Dalam pertemuan tersebut, Bupati Sorong Selatan Petronela Krenak, S.Sos., M.Tr.Ap. secara tegas menyatakan kesiapannya untuk menindaklanjuti aspirasi masyarakat khususnya terkait ganti rugi atas lahan milik masyarakat adat Kais yang akan digunakan untuk pembangunan jalan. Ia mengaku siap menindaklanjuti hasil kesepakatan bersama Pemprov PBD dan akan kembali melakukan pertemuan dengan masyarakat adat guna membahas mekanisme pembayaran ganti rugi.

Sementara terkait tuntutan lain, Pemerintah Provinsi PBD bersama Komisi I akan kembali menindaklanjutinya melalui koordinasi dengan semua pihak, khususnya pihak perusahaan yang terlibat didalamnya agar bisa mendapatkan kesepakatan yang bisa diterima oleh semua pihak.

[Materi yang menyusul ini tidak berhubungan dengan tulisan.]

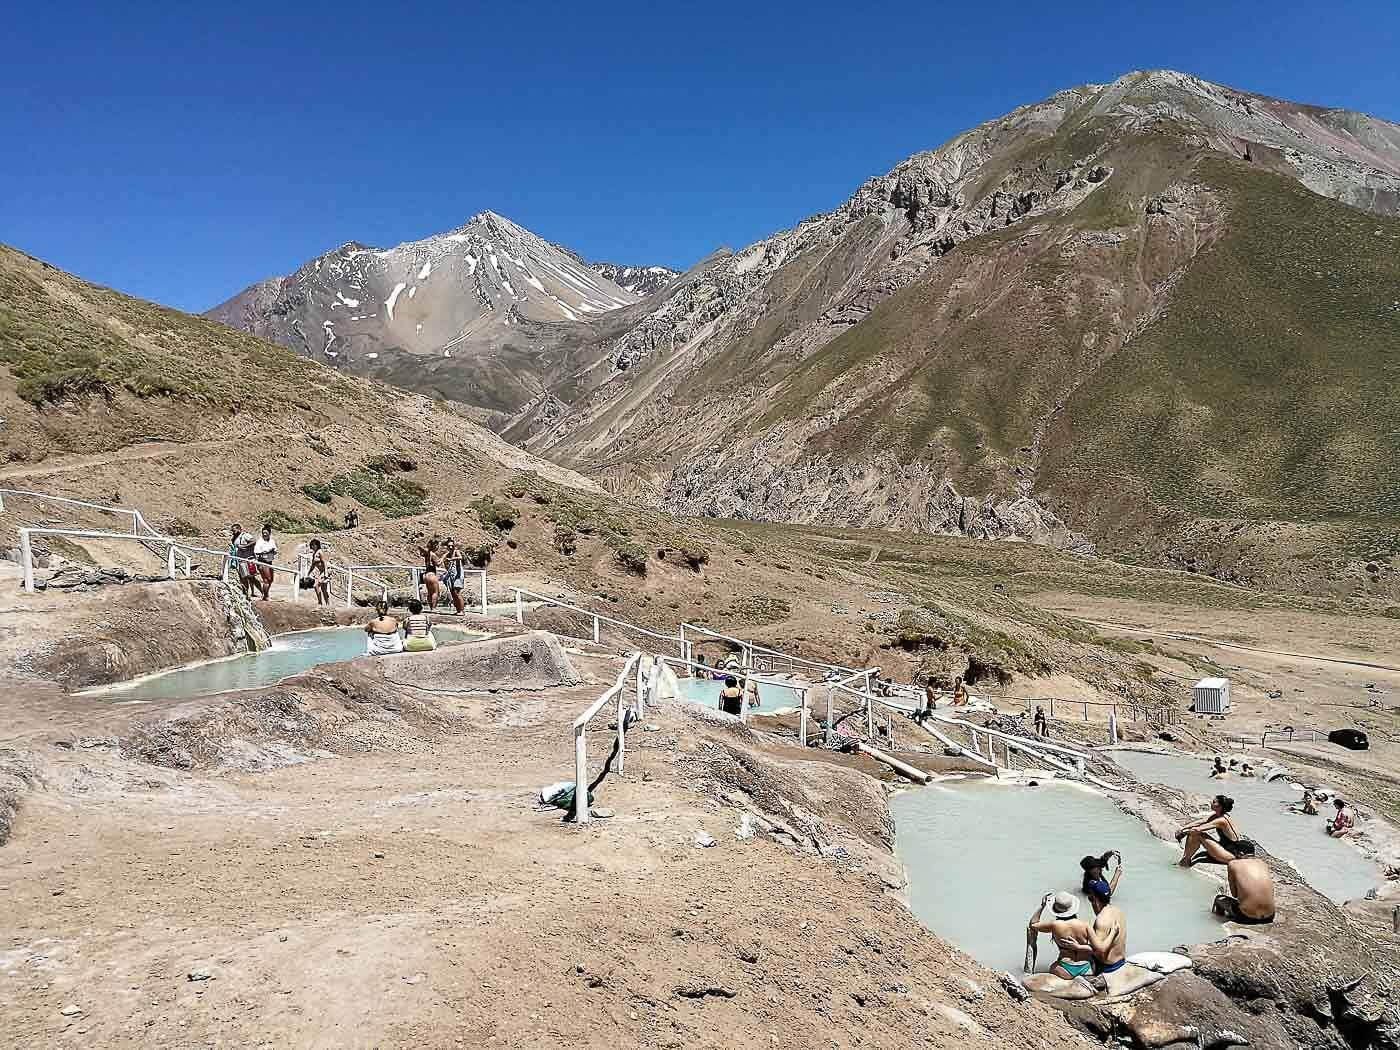 Cajon del Maipo e Embalse El Yeso- Termas

Terkait perkembangan ini, Yanto Yatam menegaskan bahwa perhatian serius dari kedua jenjang pemerintahan merupakan bukti nyata komitmen menjaga keadilan bagi masyarakat adat.

“Saya sangat mengapresiasi respon terbuka dan langkah tindak lanjut yang telah disiapkan oleh Pemprov PBD dan Pemda Sorong Selatan. Masalah ini bukan sekadar urusan administrasi, melainkan soal pengakuan hak dasar dan keadilan bagi saudara-saudara kita yang telah menjaga tanah leluhur selama berabad-abad,” ujar Yanto Yatam.

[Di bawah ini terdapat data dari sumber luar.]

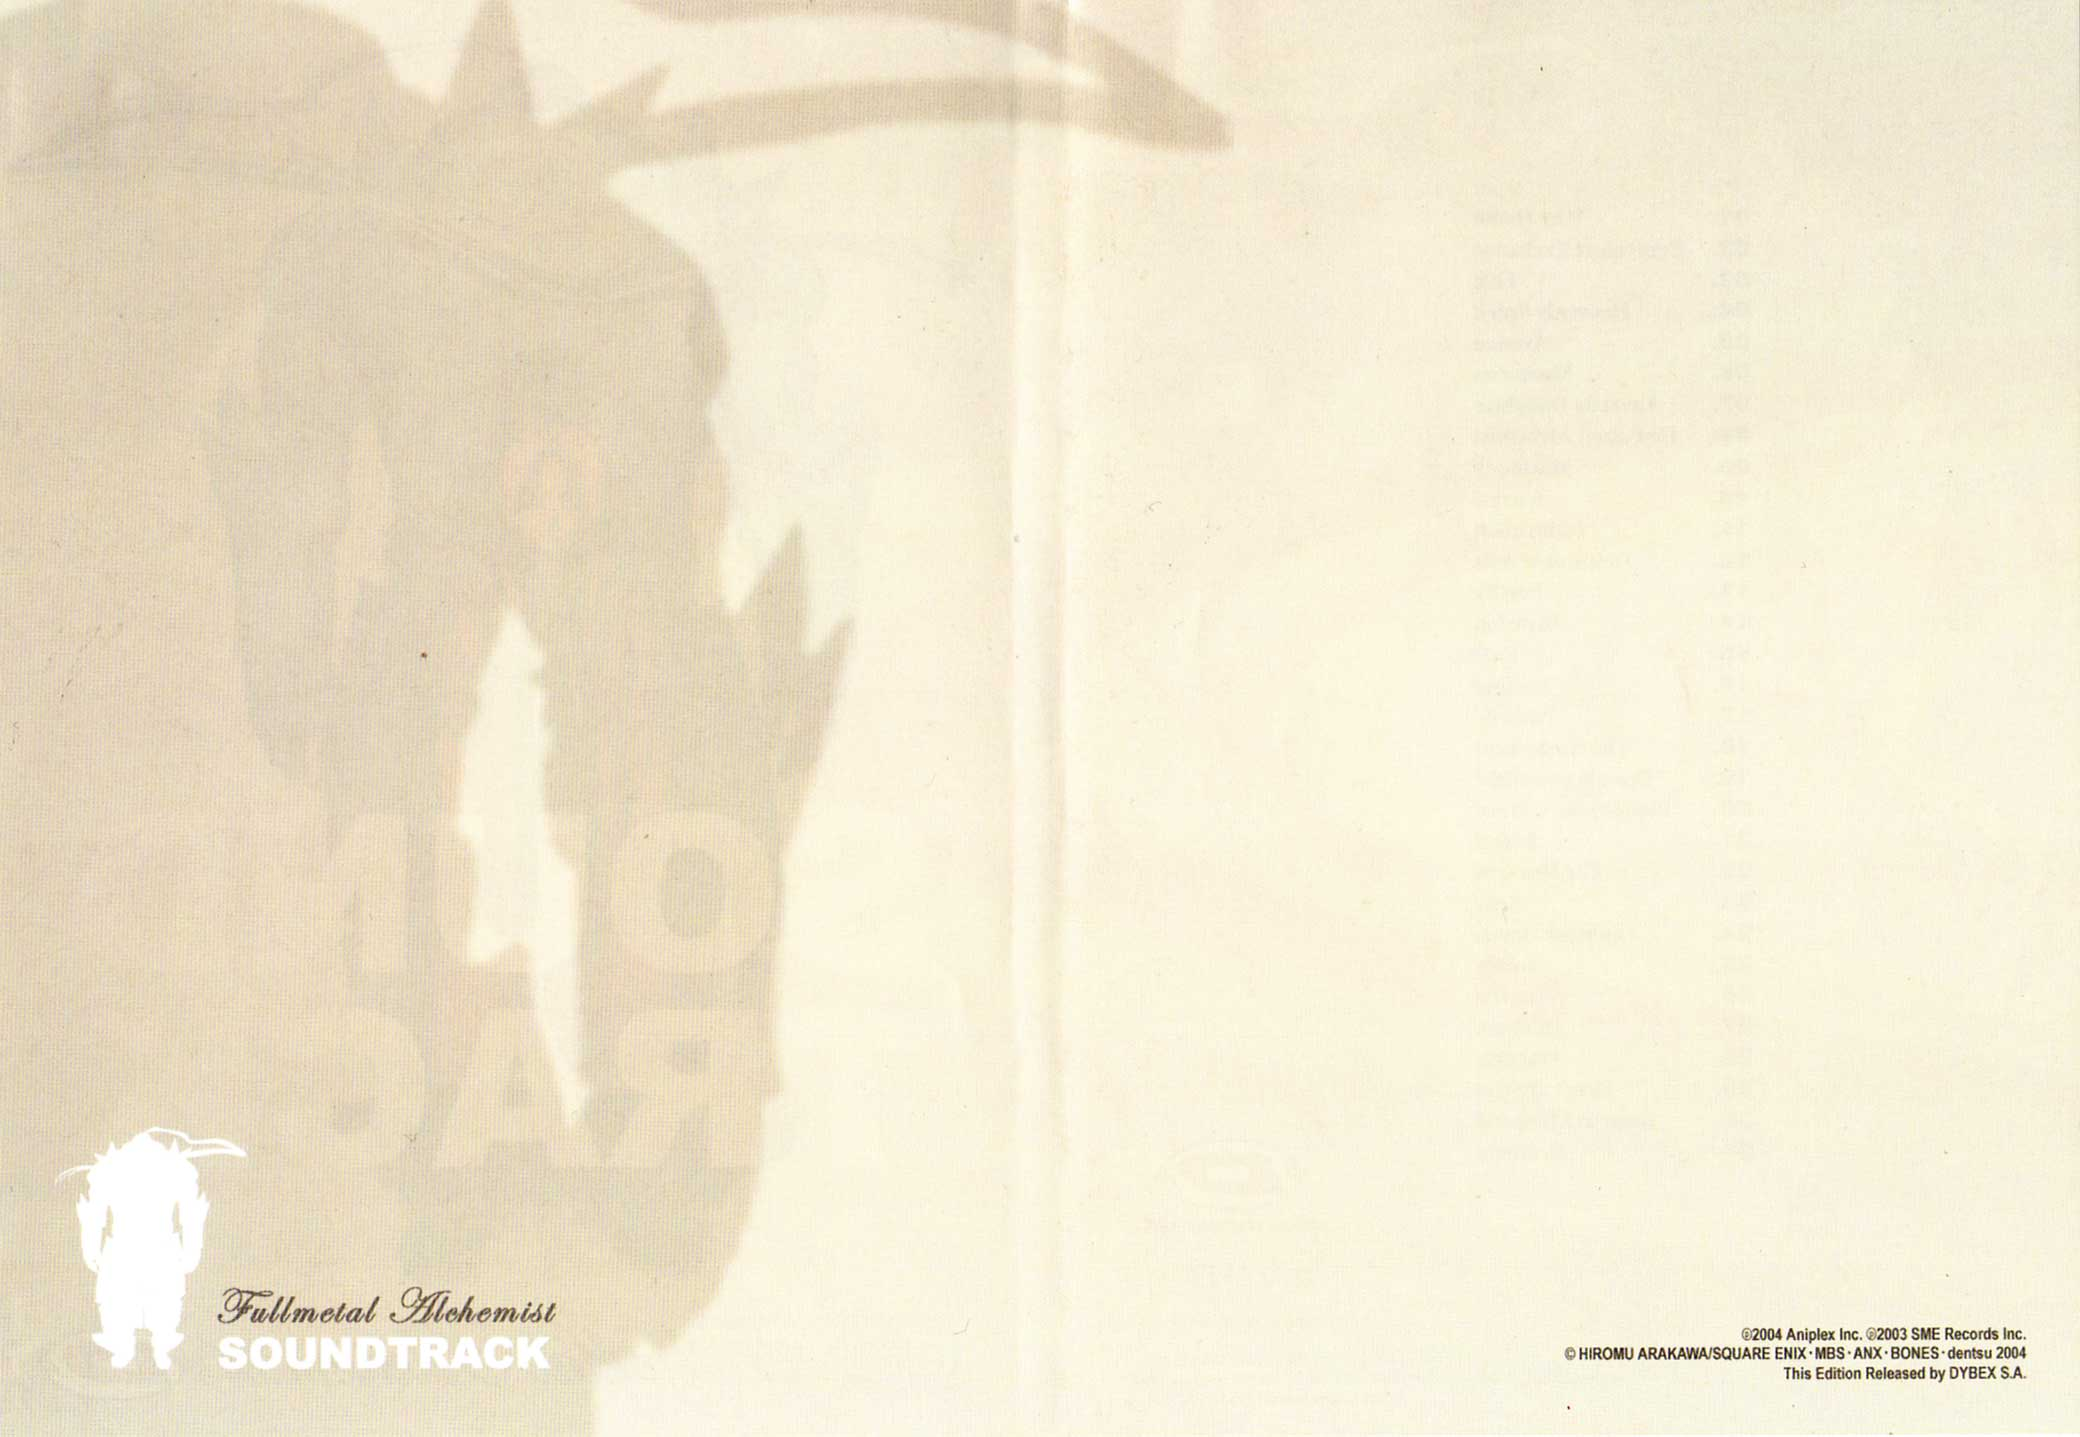 Fullmetal Alchemist OST (Dybex - 2008)

Sebagai representasi dari masyarakat Sorong Selatan, Yanto mengaku sangat bersyukur aspirasi masyarakat yang telah diperjuangkan dengan begitu susah payah akhirnya menemui titik terang. Tentunya semua itu berkat kerjasama dan komunikasi yang terjalin baik antara masyarakat adat bersama pemerintah daerah termasuk pihaknya sebagai wakil rakyat di DPR.

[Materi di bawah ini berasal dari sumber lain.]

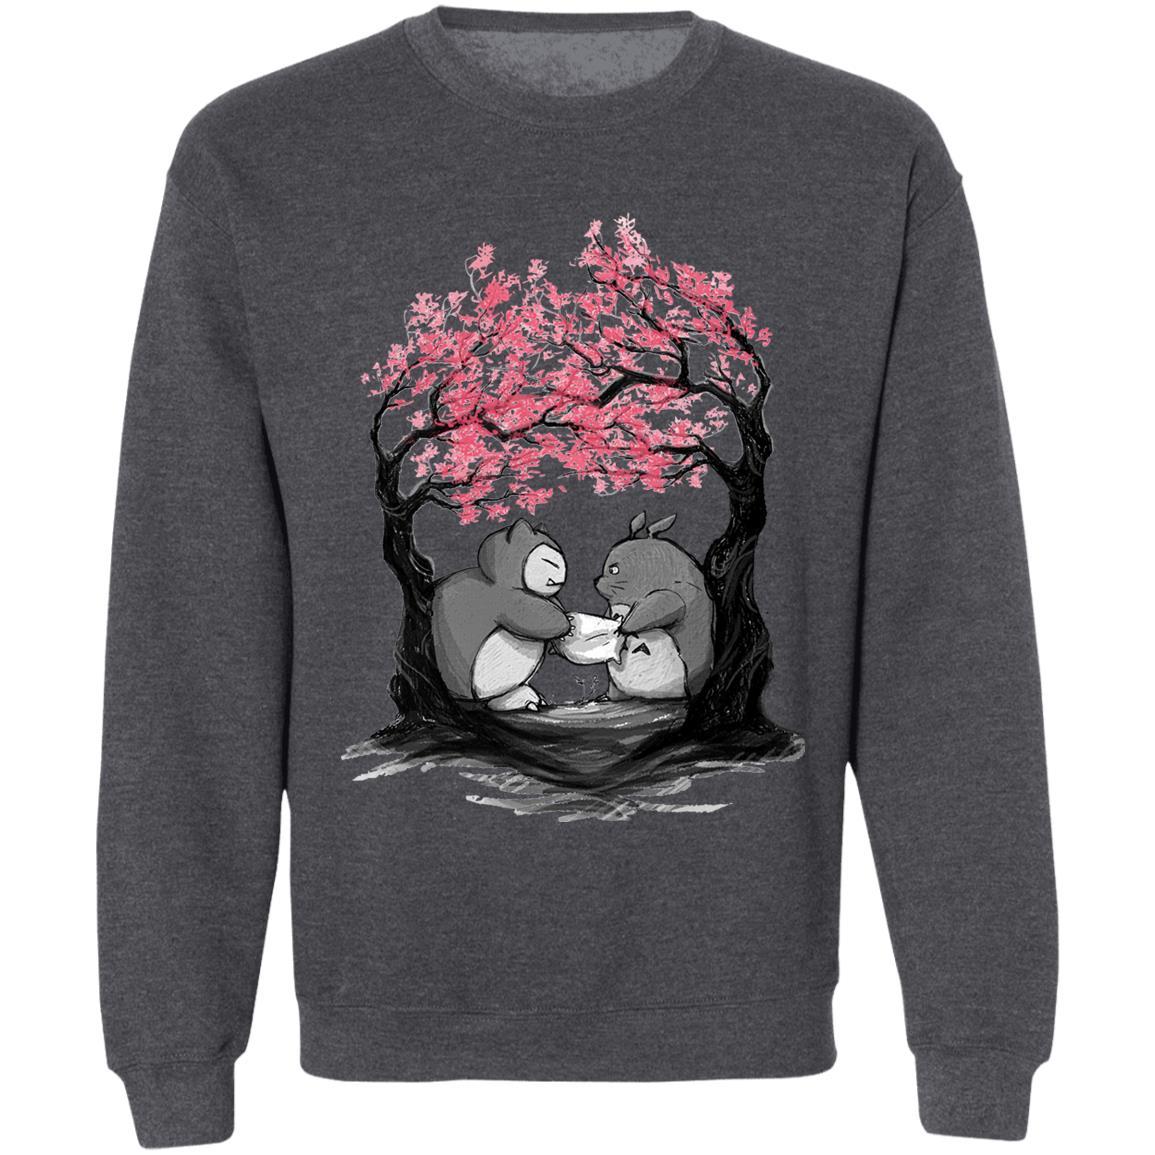 Totoro vs Snorlax Pillow fight Sweatshirt

Kader Partai Golkar ini pun berharap agar proses pelaksanaan selanjutnya berjalan transparan, melibatkan perwakilan masyarakat adat secara langsung, serta sesuai dengan waktu yang akan disepakati bersama. Ia juga mendorong agar kesepakatan yang dicapai benar-benar dirasakan manfaatnya oleh seluruh warga masyarakat adat.

“Kita berharap penyelesaian ini menjadi contoh baik bagi penanganan masalah serupa di daerah lain. Pemerintah harus selalu hadir mendengar dan memenuhi hak masyarakat adat. Semoga pelaksanaannya berjalan lancar, damai, dan menghasilkan keputusan yang adil bagi semua pihak,” harap Yanto.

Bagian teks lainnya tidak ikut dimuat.